Under Harvard’s Financial Aid Initiative, launched in 2004 by former University President Lawrence H. Summers, parents who earn $65,000 or less are not expected to contribute to their child’s tuition.

Undergraduate Council leaders applauded the new initiative, and said that the new grant would help incoming freshmen adjust to campus life.

“When you’re a freshman and you come in, especially from a low-income background, it can be really overwhelming when your roommates or all your friends are eating out every day, or they’re spending money on going to events,” UC President Shaiba Rather ’17 said.

UC Vice President Daniel V. Banks ’17 agreed that the new grants could help alleviate some of the financial challenges that low-income students face.

“While getting into Harvard is need-blind, so few things on campus are,” Banks said. “Social life, and especially your adjustment as a freshman, are very often decided…by your socioeconomic background.”

UC Representative Evan M. Bonsall ’19, a first-generation student himself, said the grant would help fill in the gaps in the College’s existing financial aid program.

“[Students on financial aid] still have to pay for books. They still have to cover everyday living expenses, which are even more expensive. They have to cover travel, if they want to go back and see their family,” Bonsall said. “These are struggles that a large number of Harvard students experience every day.”

“I think this is a really great development. I wish that I had had a grant like this to help me out this year,” Bonsall added.

The announcement of the program also noted that the tuition for Harvard College undergraduates will increase 3.9 percent next academic year to $63,025, compared to $60,650 for the 2015-2016 academic year.

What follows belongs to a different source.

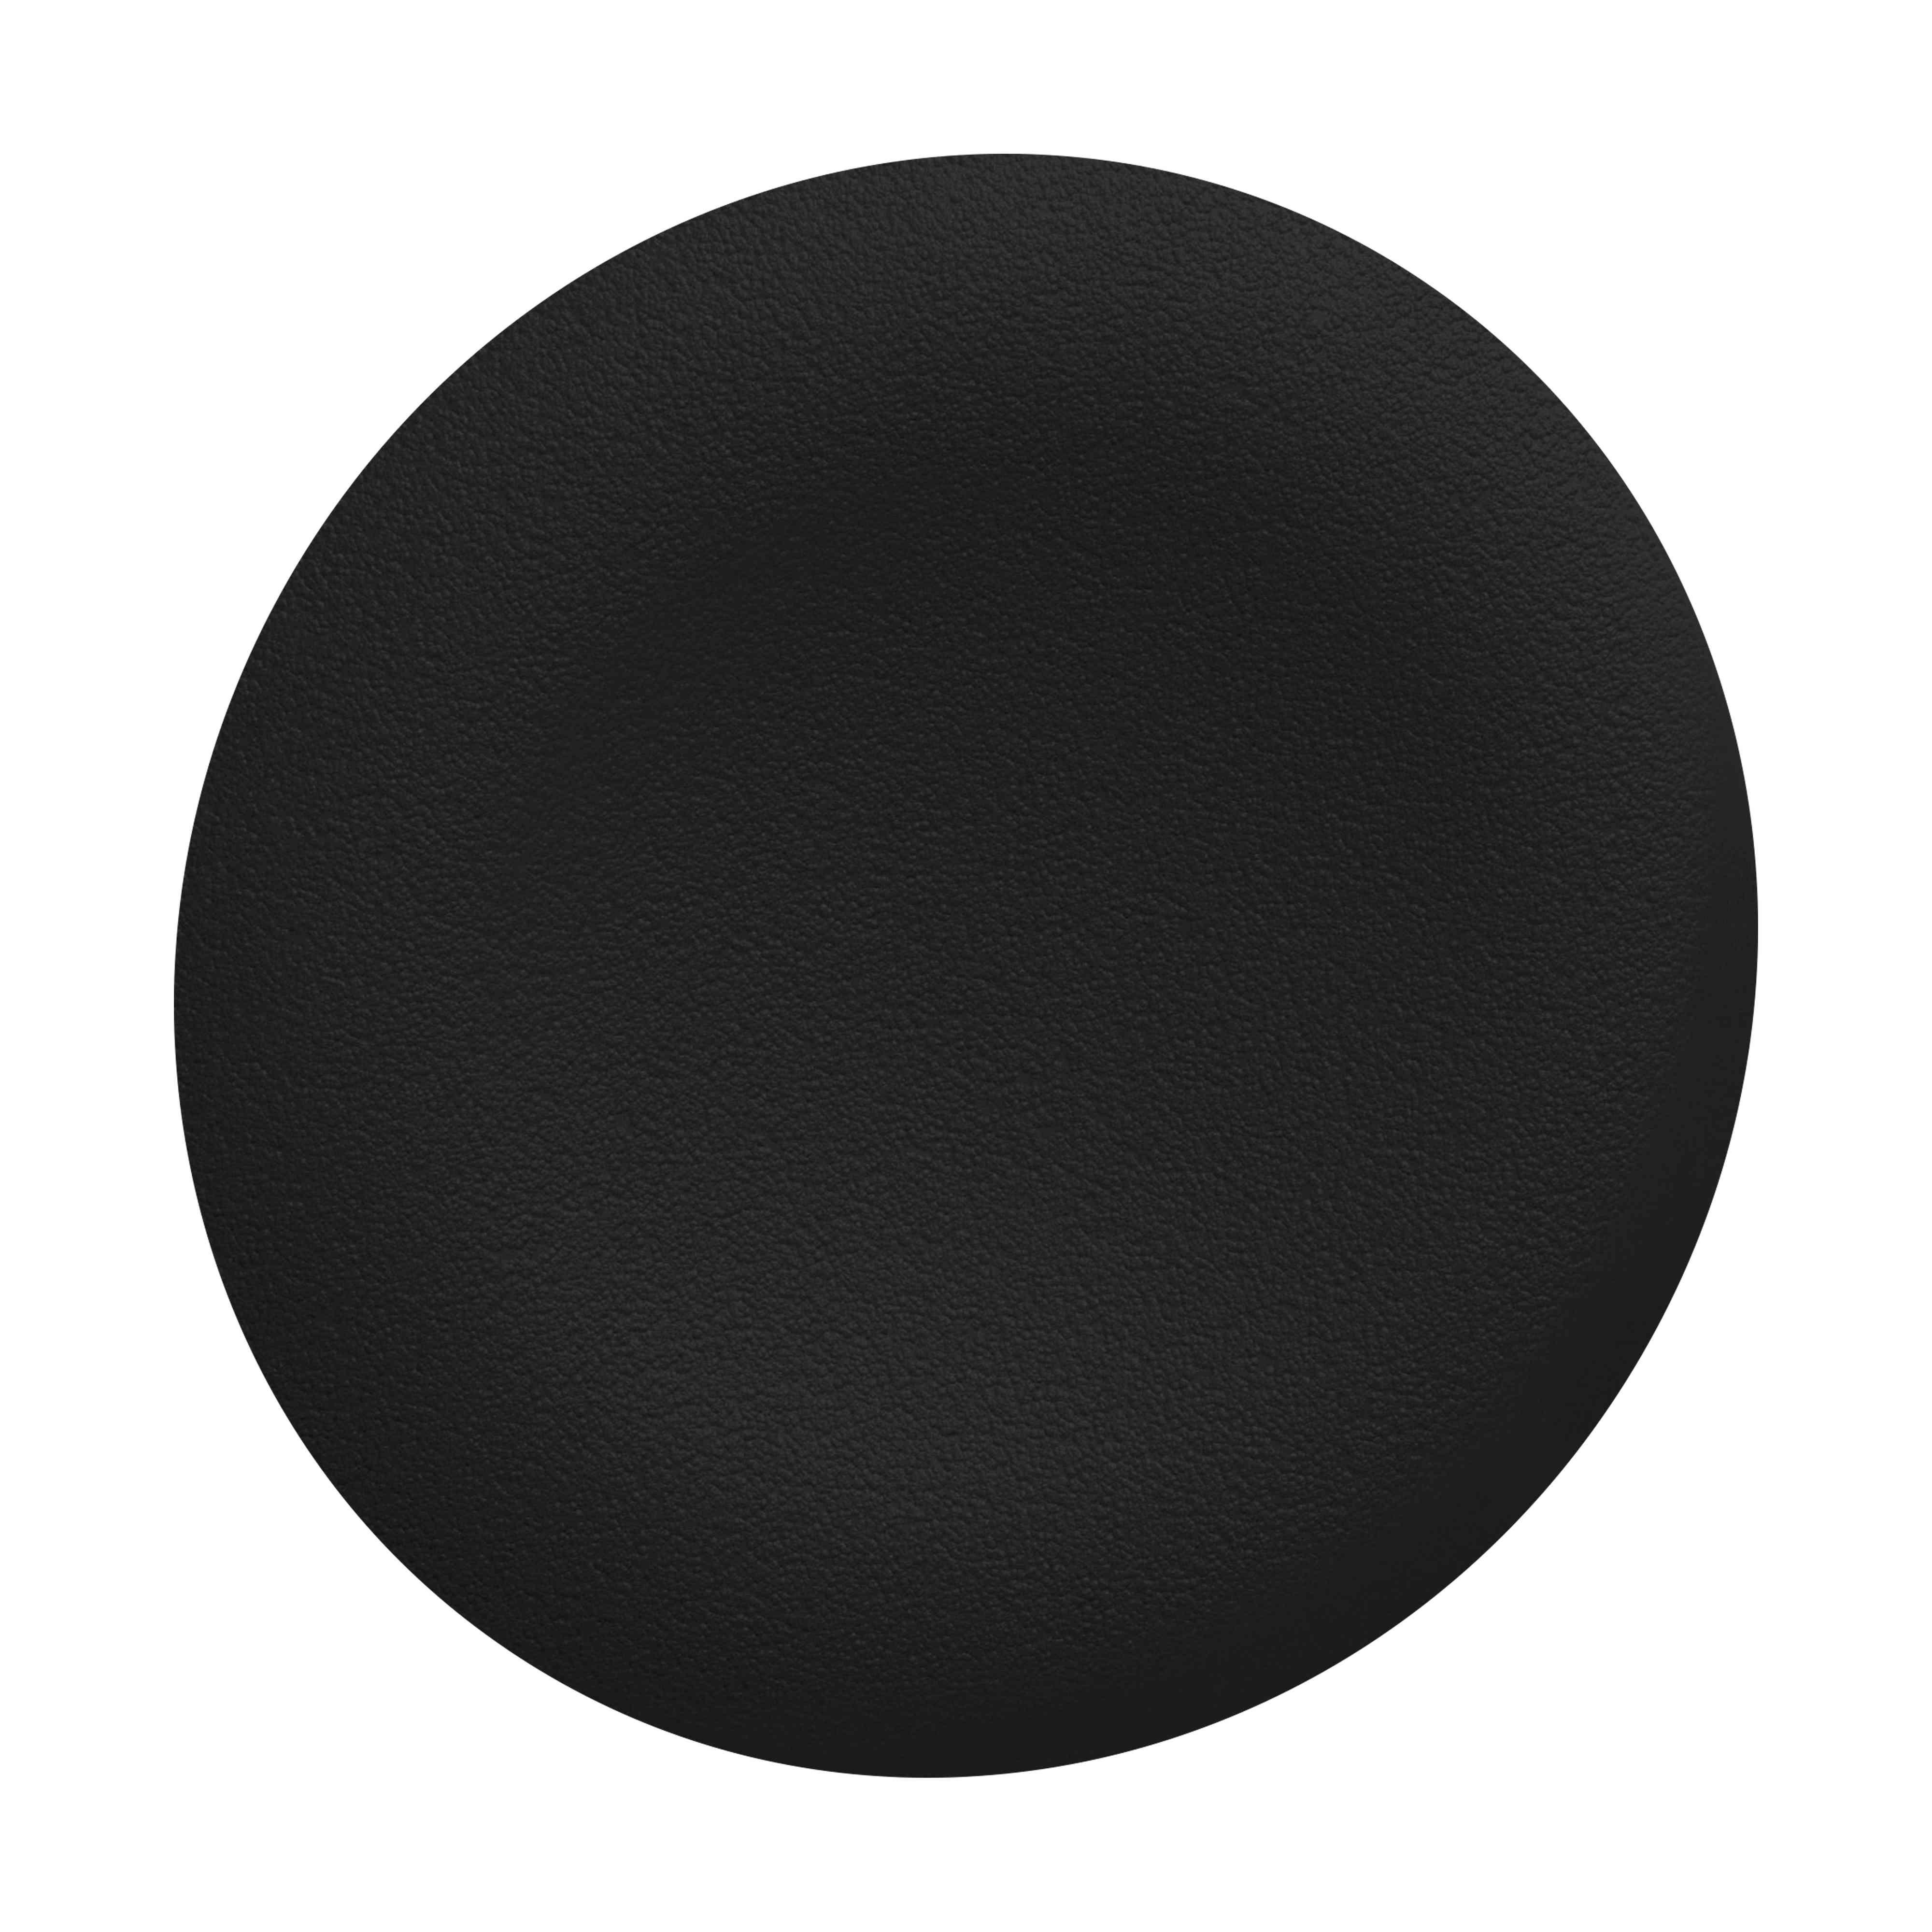 Črn navaden pokrov za podometno nameščeno tipko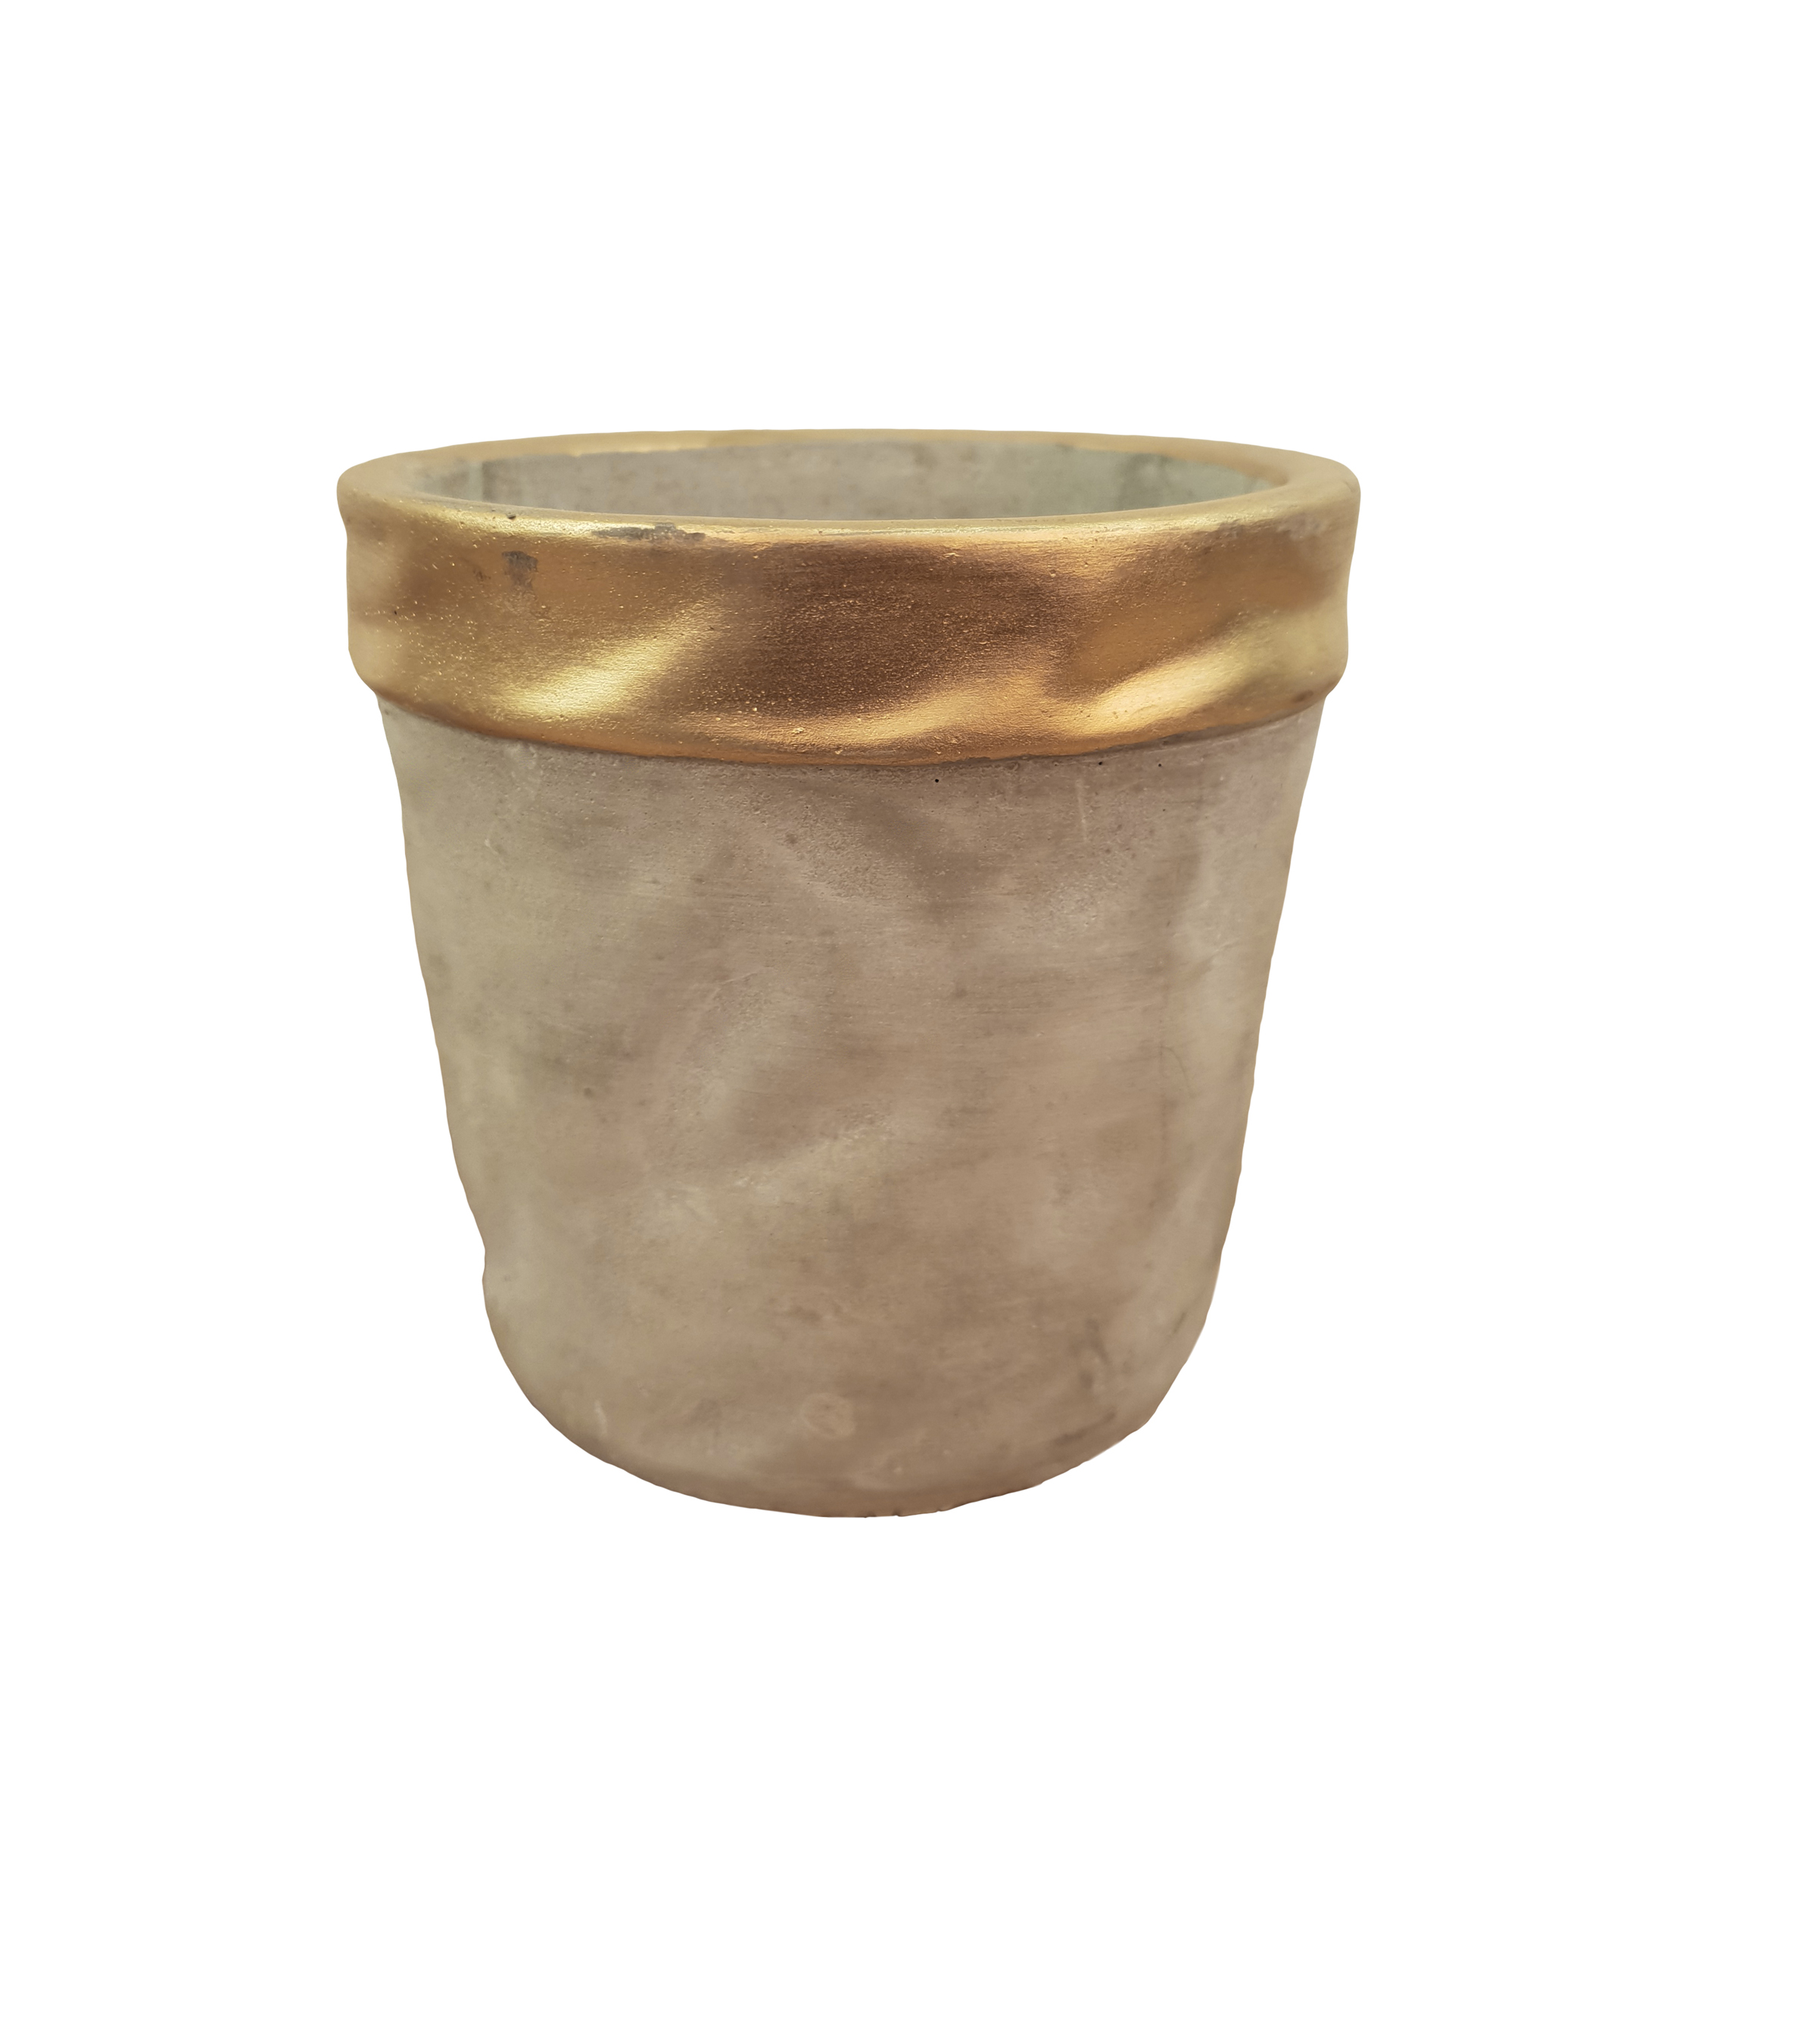 'Aurum edge' pot

The new “start-up” grant comes at a time when college affordability has reached the forefront of national and University politics, as Democratic presidential candidate Bernie Sanders and likewise a ticket of Overseer candidates advocate for free college tuition.

Seventy-six percent of last year’s graduating class graduated debt free, according to the announcement. Though the Financial Aid Office’s website states that students “are not expected to take out loans” as part of their financial aid packets, 24 percent of graduating seniors last year did, with a median total amount of $10,900.